Deborah Conway and Willy Zygier announce new album.

Deborah Conway AM has never been one to shy away from provocation. Across four decades in the Australian music landscape – from Do-Re-Mi’s 80s heydays to her ARIA Award-winning solo career and Platinum and Gold Album collaborations with her long-time creative and life partner Willy Zygier – Conway has remained steadfastly unwilling to play it safe.

And now, once again in collaboration with Willy Zygier, today she has announced that she is launching an audacious new album titled: Right Wing Propaganda.

The album, independently released and entirely self-produced from the pair’s Melbourne home studio, is underpinned by Zygier’s deft guitar work and Conway’s crystalline, unmistakable voice.

Honoured as National Living Legends, this is the couple’s eleventh album together – a trademark blend of folk-pop melodies and lyrical directness.

In an age of synthetic sounds and algorithm-driven art, Conway and Zygier have taken a radical stand by returning to the roots of musical expression for this album.

Right Wing Propaganda is an act of musical reductionism in an age of technological excess – a raw, acoustic collection of 14 songs written, performed and recorded solely by the long-time collaborators, joined only by the voices of their daughters Syd, Alma, and Hettie Zygier.

The album will be released independently on August 8th marking Conway’s 66th birthday – and will be supported by a national tour titled ‘Songs You Can Trust’ that will include both metro and regional venues.

The first shows on the tour are set for August 16 at Melbourne’s Memo Music Hall and August 17 at Sydney’s Camelot Lounge, with further shows in September and October in NSW, Victoria, WA, SA & Qld – tickets and venue details available at deborahconway.com

Of the new music Conway says, “Machines are making music right now, with and without human intervention, with no ‘care’ about connection, audience, or even remuneration. Music without body, without ego, without soul. This is not a judgement on the quality of the music, just an observation. Execute the prompt endlessly, meaning be damned. The history of recorded music has led us to this point. For many decades recorded music has sounded less and less like human beings and more and more like some machine/human hybrid. Don’t like that breath? Remove it. Bass note a smidge early? Move it. Can’t sing that high? Change the pitch. Can’t play in time together? Drop in.  Who needs a human?

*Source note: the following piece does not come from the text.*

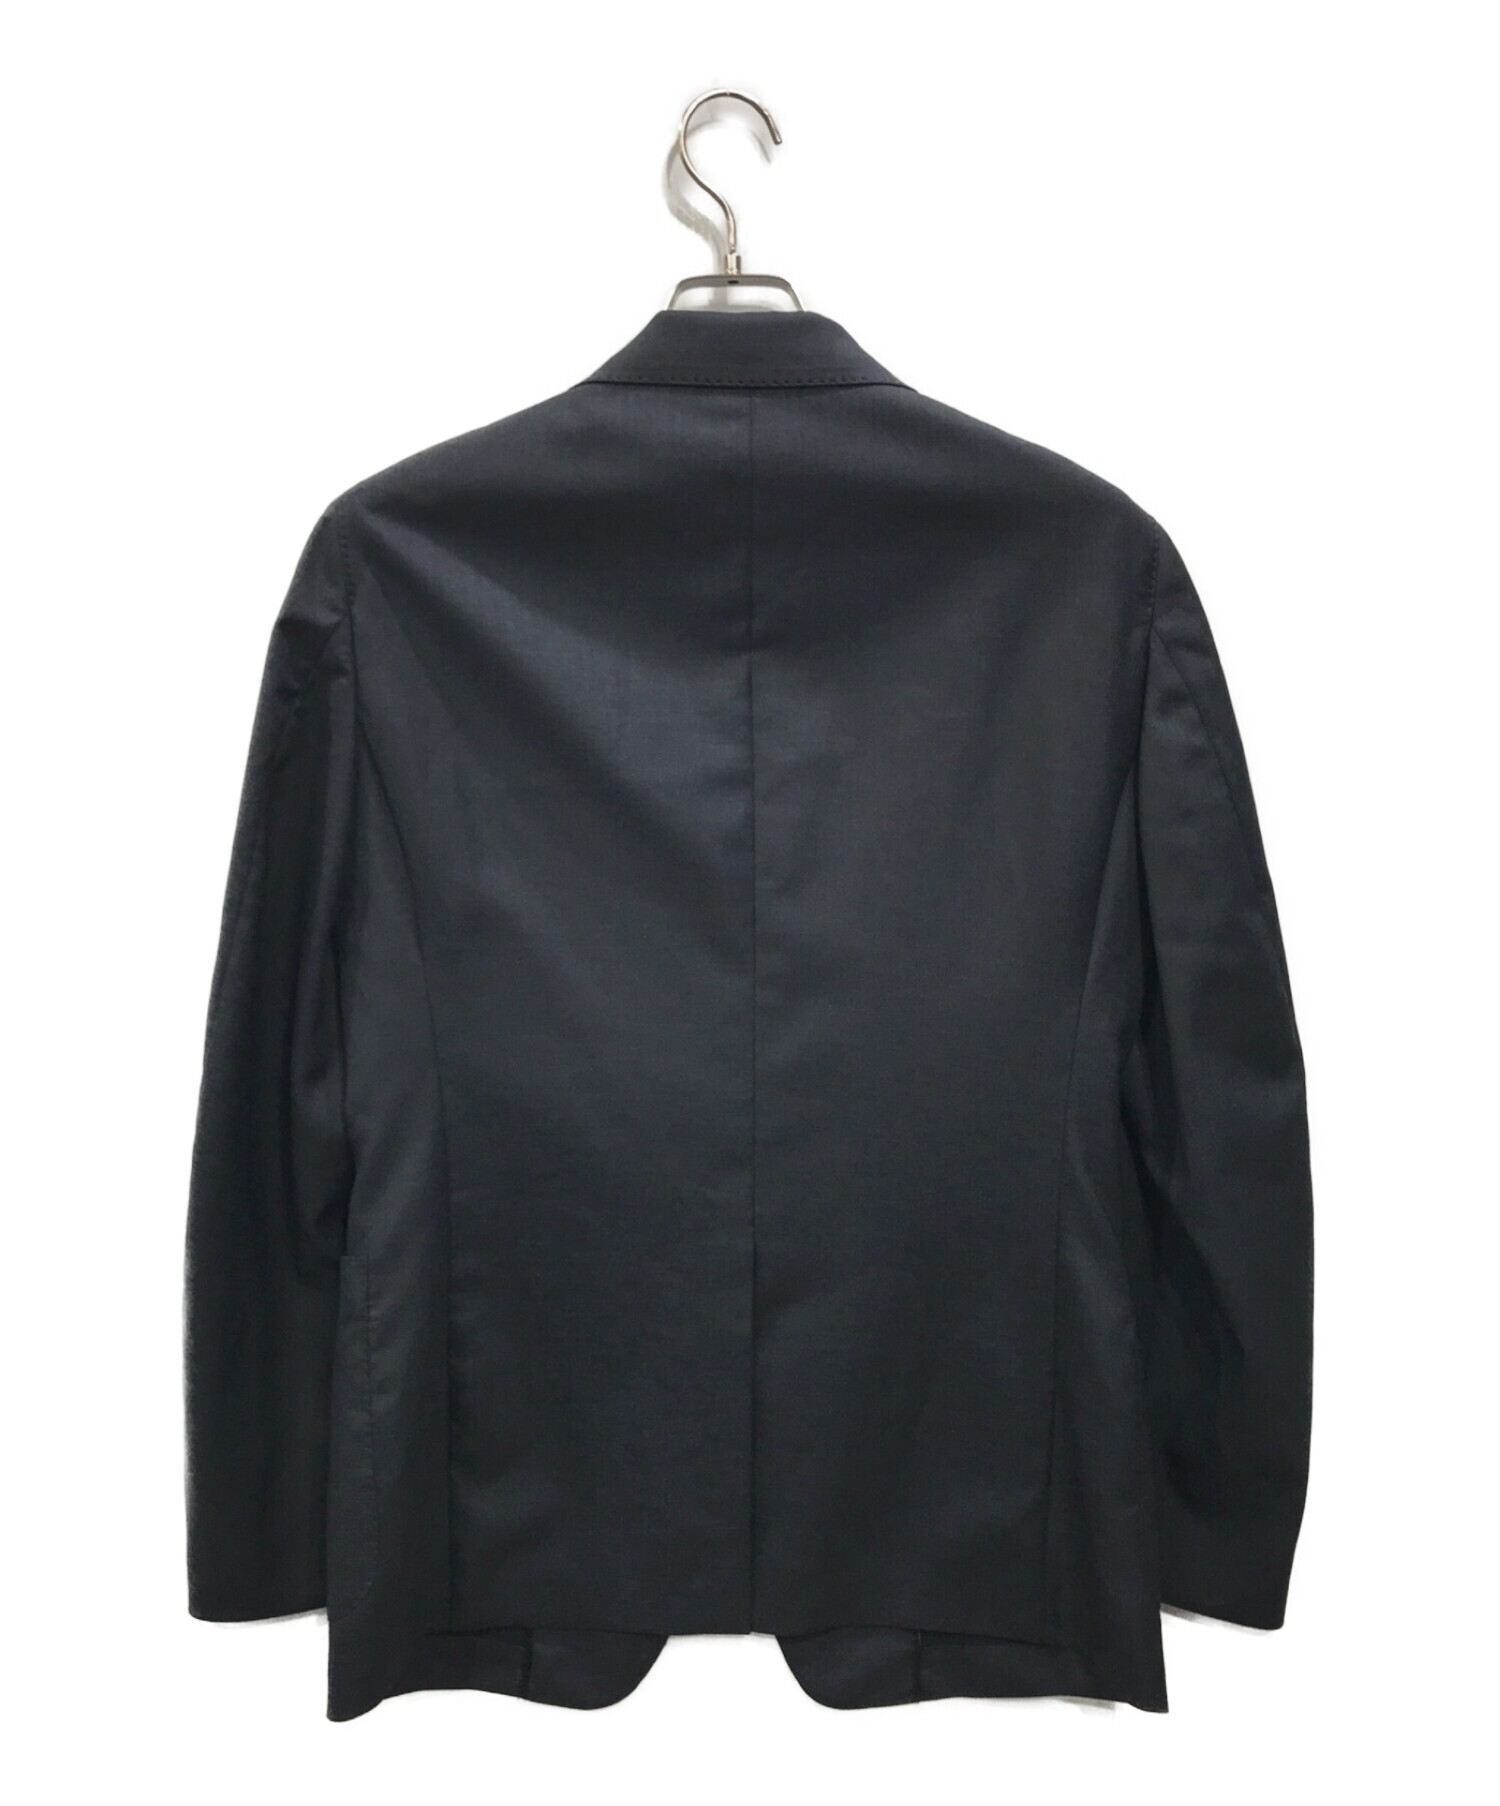 エストネーション／ESTNATION テーラードジャケット ブレザー JKT アウター メンズ 男性 男性用レザー 革 本革 ブラック 黒  2つボタン シングルブレスト

This is not a complaint. Wonderful music has been made this way and will continue to be made this way but for us, in a time of plenty, of musical super abundance, we have responded by making a record with as little on it as possible, pretty much just our acoustic guitars and voices, and the voices of our daughters. We retreated inwards, no other musicians, a guitar on our laps just to see what we could wring out of the old ways. It was not done as a challenge, there’s plenty of acoustic music being made, more just a feeling of connection. Connection with each other, connection with the spark of musical impulse, connection with breath, with wood, with skin, with air. A centre in a whirling world of plenty. And hopefully a connection with a listener somewhere out there in the dark.”

The album’s subtitle, Songs You Can Trust, reads like both a pledge and a provocation. 

Conway and Zygier are not interested in clickbait choruses or algorithmic harmonies. Instead, they’ve crafted a suite of songs that includes tracks like “We’d Rather Have Nothing,” “The Living & The Dead Song,” and the title track “Right Wing Propaganda,” that take listeners through a thematic labyrinth of songs that mirror the current swirl of issues.

There are no session musicians, no auto-tuning, no studio polish. Just guitars and voices. It’s both timeless and timely – an album that asks whether music still matters in a world of infinite content.

Of the new deeply personal album Zygier says, “These are songs from the point of view of people who would tear this place down, those who wish to enforce utopia; songs of human vs machine; songs that address those who can only see war; songs of friends lost to ideology & intolerance; songs of delusion; songs of love, the middle aged to elderly kind; songs of the dance between performer & audience; songs about those who wish to defend our imperfection; songs for hostages who will never return; songs for songs; songs for the mania that Covid was; songs for impermanence; songs for those who wish us not to sing. Songs for the whole, chaotic thing that is our existence.”

The album was mixed by Gideon Preiss, mastered by Lachlan Carrick, with artwork by Conway, Zygier and Dave Homer. 

It will be available across all major streaming services and in physical formats (vinyl and CD) from August 8, 2025.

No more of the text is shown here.